Calpine Corp. agreed to purchase Noble Americas Energy Solutions, an independent supplier of power to commercial and industrial retail customers, for a purchase price of $800 million plus an estimated $100 million of net working capital at closing.
Calpine expects to recover about $200 million through collateral synergies and the runoff of acquired legacy hedges, substantially within the first year, resulting in expected net cash deployed of about $700 million (including working capital), or about five times NAES’ recent and expected run-rate adjusted EBITDA.
NAES currently serves commercial and industrial customers in 18 states nationwide, including California, Texas, the Mid-Atlantic and Northeastern United States, where Calpine’s wholesale power generation fleet is primarily concentrated. The organization will remain headquartered in San Diego and will continue to operate under the leadership of Jim Wood, President of NAES.
“We are thrilled to be joining the Calpine team,” said Wood. “Our customers should know that we will continue to provide the same high level of services and product offerings during the ownership transition and, when under the Calpine banner, we expect to provide even greater value-added products and services.”
Calpine expects to fund the acquisition with a combination of cash on hand and temporary bridge loan financing of up to $550 million.

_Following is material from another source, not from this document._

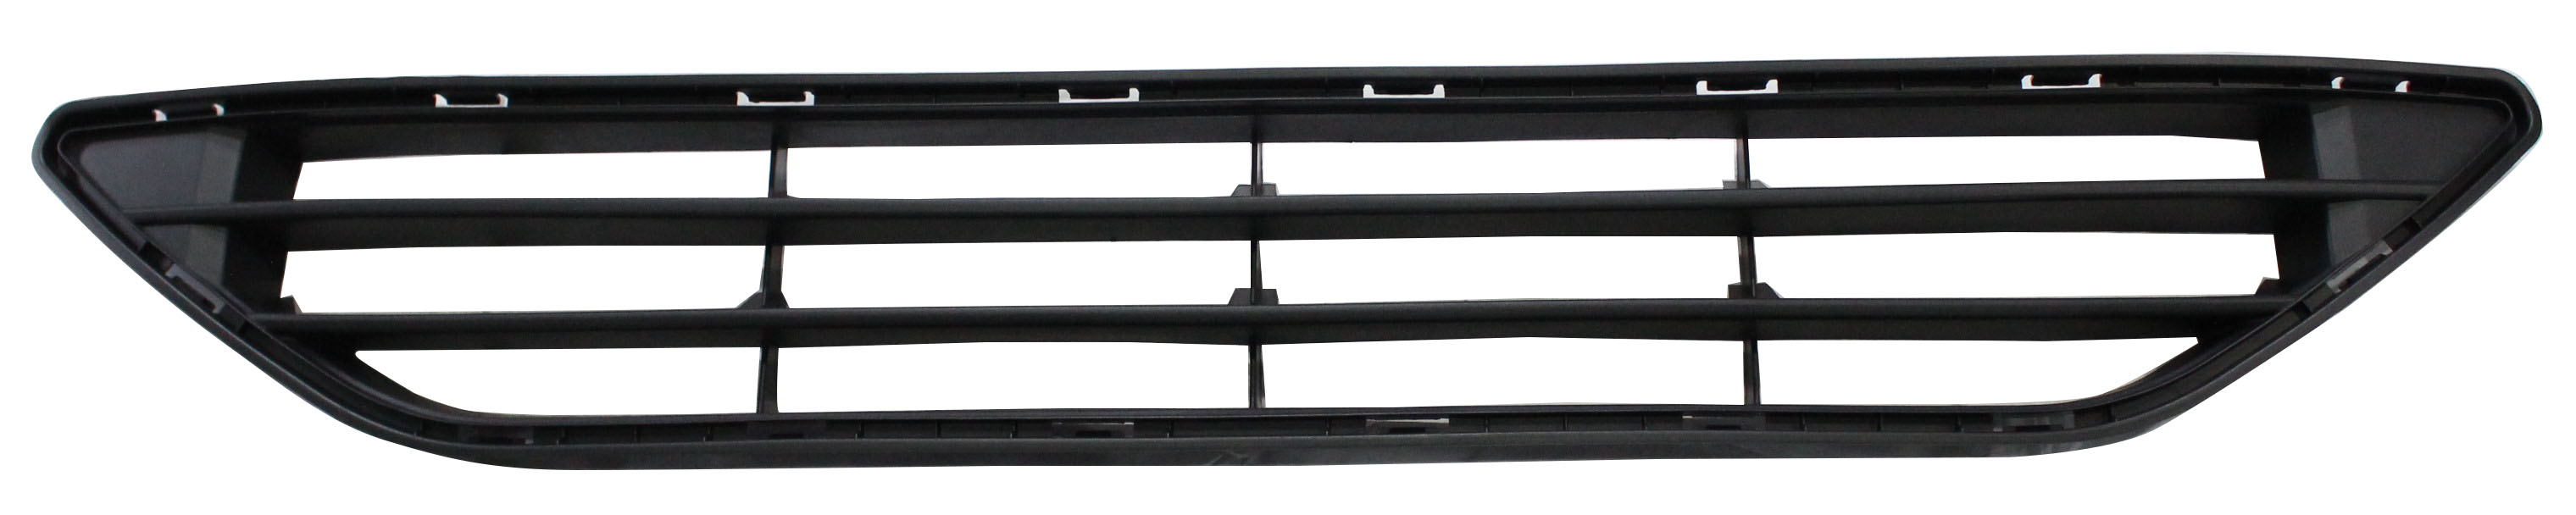 Aftermarket GRILLES for NISSAN - ROGUE, ROGUE,17-20,Front bumper grille

The company intends to repay the bridge facility during 2017 with proceeds from announced asset sales as well as cash from operations, including that generated from the anticipated collateral synergies.

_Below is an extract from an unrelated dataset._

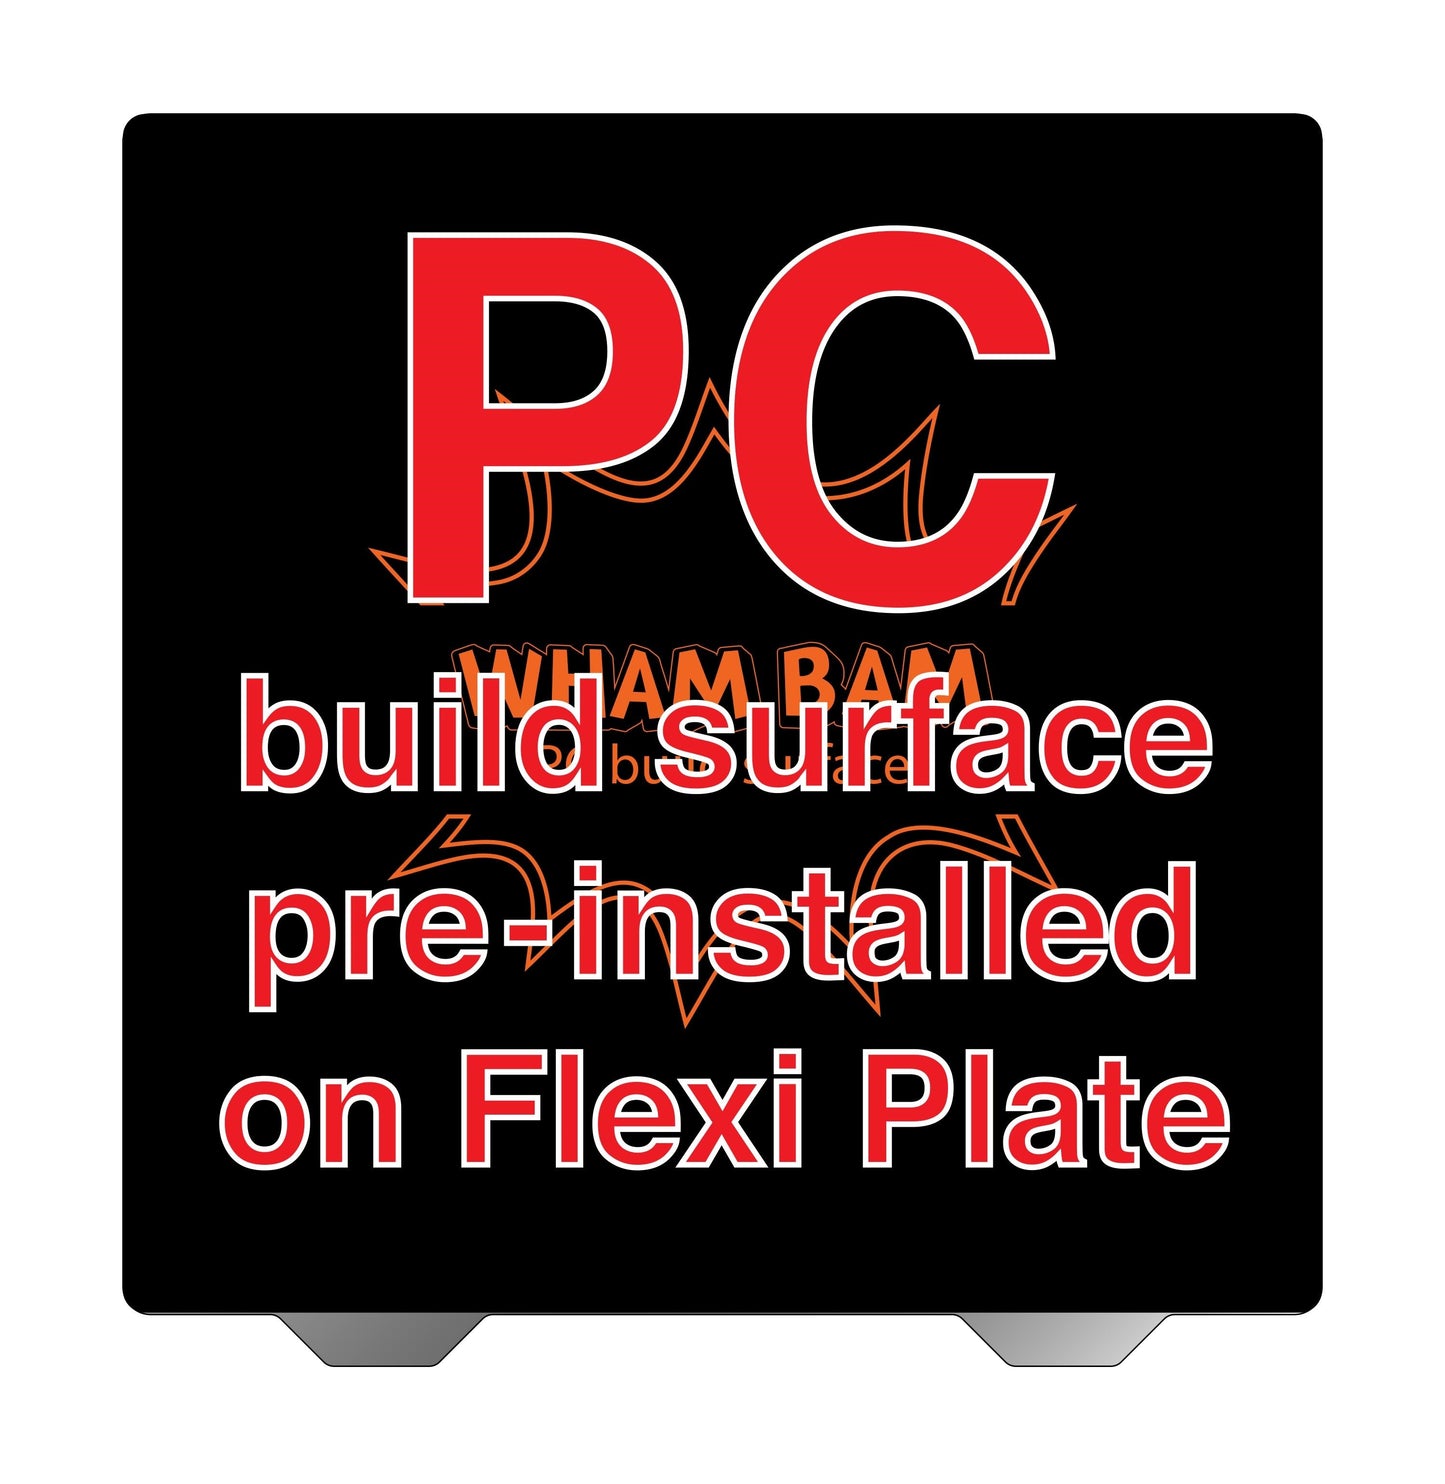 Flexi Plate with Pre-Installed PC Build Surface (Classic Black) - 290 x 290 - Creality Ender 6

Under Calpine ownership, anticipated collateral needs are expected to be met with about $240 million in letters of credit and $20 million of surety bonds, leaving almost $1.2 billion of Calpine Corporate Revolver capacity remaining at closing.
Calpine will acquire the business from Noble Americas Gas & Power Corp., a subsidiary of Noble Group Ltd. The transaction is expected to close by year end 2016, subject to customary closing conditions, approval by shareholders of Noble Group Ltd., approval from the Federal Energy Regulatory Commission and antitrust review under the Hart-Scott-Rodino Act.